Muitos pais, principalmente as mães, optam por não trabalhar fora de casa pelo medo de deixar os filhos sob a supervisão de outros. Kellen Ribeiro, de 22 anos, é mãe do Paulo Ricardo, de 3. Ela optou por trabalhar em casa como revendedora de cosméticos para não ter de deixar a criança com outra pessoa e revela que sente medo dela ser maltratada.

“Consegui um emprego, mas acabei desistindo porque não confio de deixar o meu filho com qualquer pessoa, tenho medo de ele ser maltratado. Porque tem muito caso de violência e maus-tratos. Então, é difícil encontrar uma pessoa de confiança e honesta”,

admite mãe de Paulo Ricardo.

Atualmente, a criança já está na fase de começar a estudar e Kellen já pensa em como vai ter que buscar um local seguro para o seu filho. A revendedora disse que vai optar por deixa-lo em uma instituição pública de período integral, algo desconhecido para muitas outras mães.

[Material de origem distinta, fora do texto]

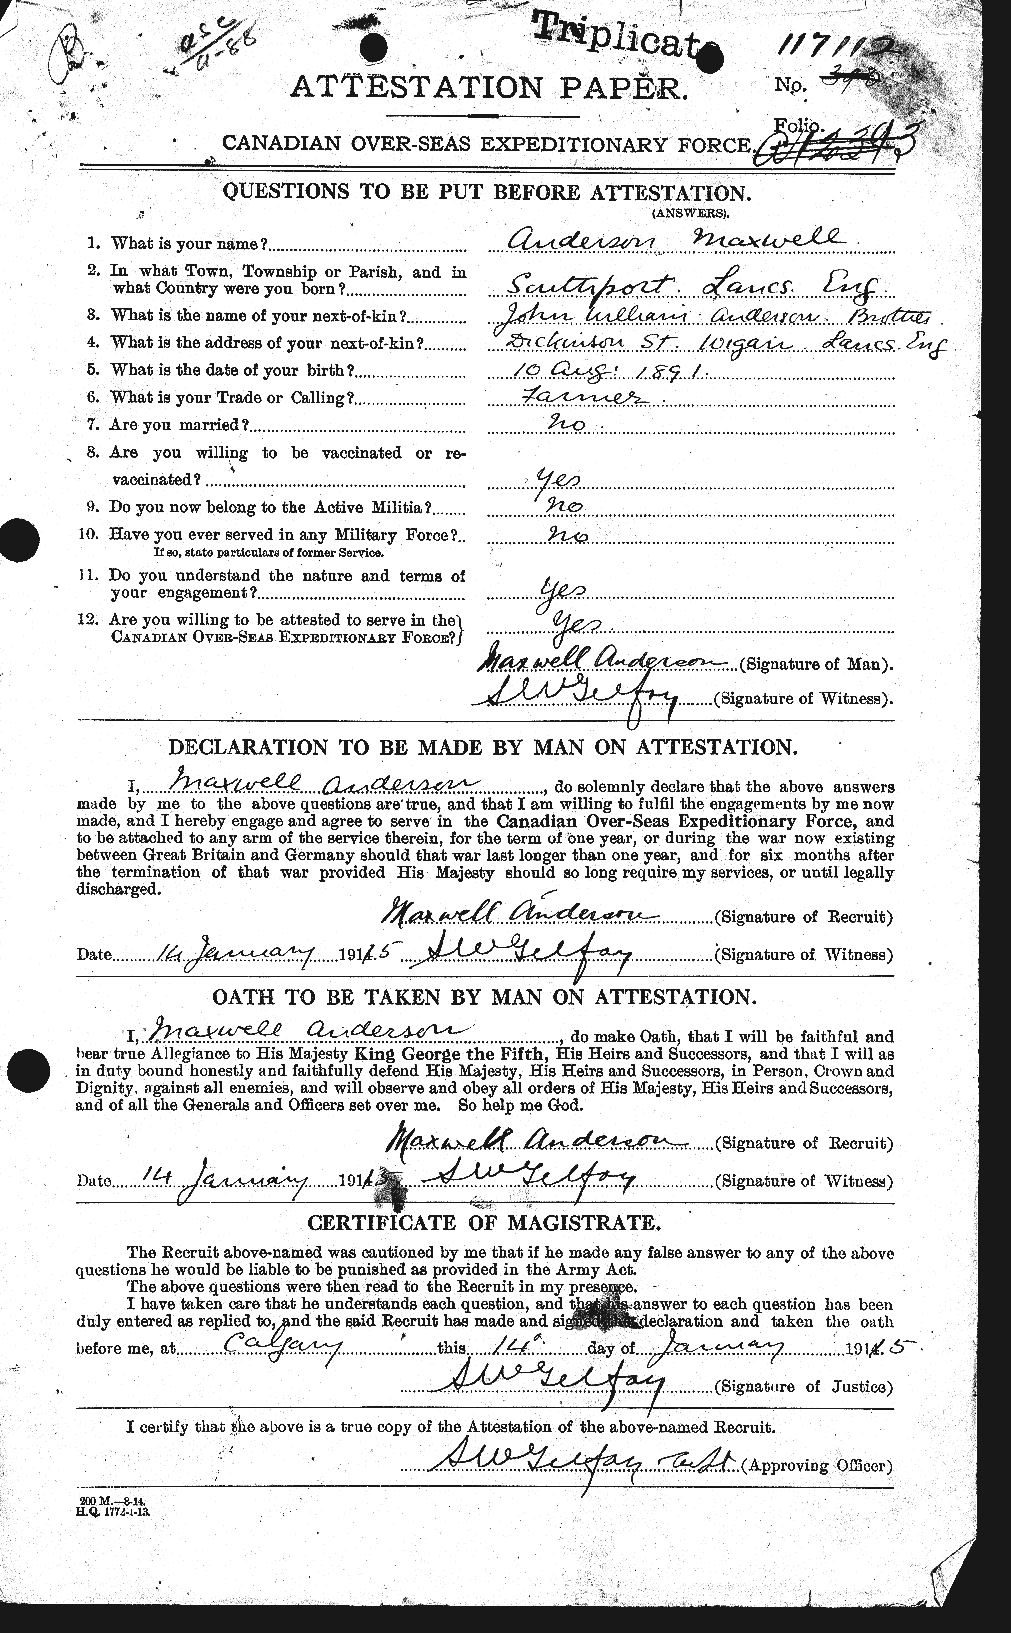 Dossiers du Personnel de la Première Guerre mondiale - CEC 207462a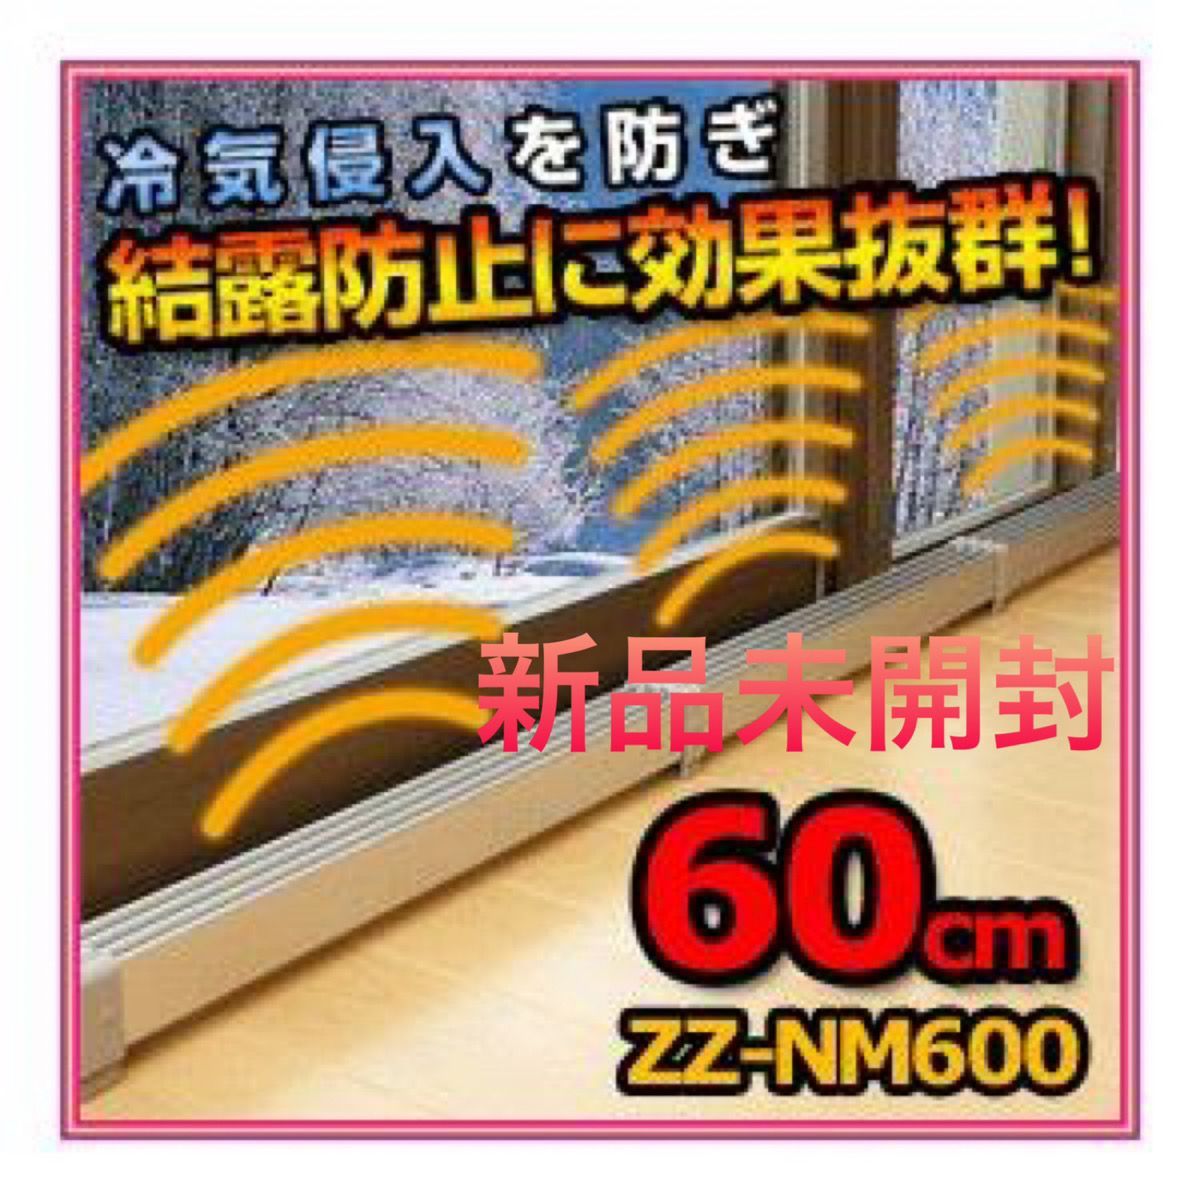 マルチヒーター・結露防止 窓ヒーター60型 (２本) ZZ-NM600 【美品】

“A criança tem o acompanhamento do profissional na escola, tem o cuidado necessário e atividades que ajudam no desenvolvimento. Eu opto pela escola pública, porque como eu não trabalho fora de casa, eu sei que não vou ter aquele gasto que a escola privada necessita”,

afirma Ribeiro.

Para que mães não precisem deixar seus filhos sozinhos em casa, a Prefeitura de Manaus, por meio da Secretaria Municipal de Educação (Semed), informou que existem, na rede municipal de ensino, 34 unidades de Educação Integral, que funcionam das 7h horas da manhã às 16h da tarde.

“A Educação Integral na Semed tem o conceito de promover uma uniformização da gestão escolar e melhorar, qualitativamente, o nível de aprendizagem dos estudantes, com o envolvimento dos familiares e de toda comunidade escolar. Atualmente, na educação municipal estão matriculados 4.675 alunos nesta modalidade. Já as 24 creches municipais atendem 5.161 crianças de 1 a 3 anos de idade, no maternal 1, 2 e 3”, diz a nota. 

Como fazer a matrícula em escolas públicas de tempo integral

As matrículas na rede municipal acontecem de forma on-line, pelo site de matrícula, e presencialmente em qualquer unidade de ensino pública municipal. Para as escolas de Educação Integral, o período de matrícula é o mesmo que os das unidades ensino regular. Já as creches possuem uma data diferenciada. As datas para matrículas são divulgadas pela rede municipal de ensino no início do ano letivo e os pais ou responsáveis devem ficar atentos.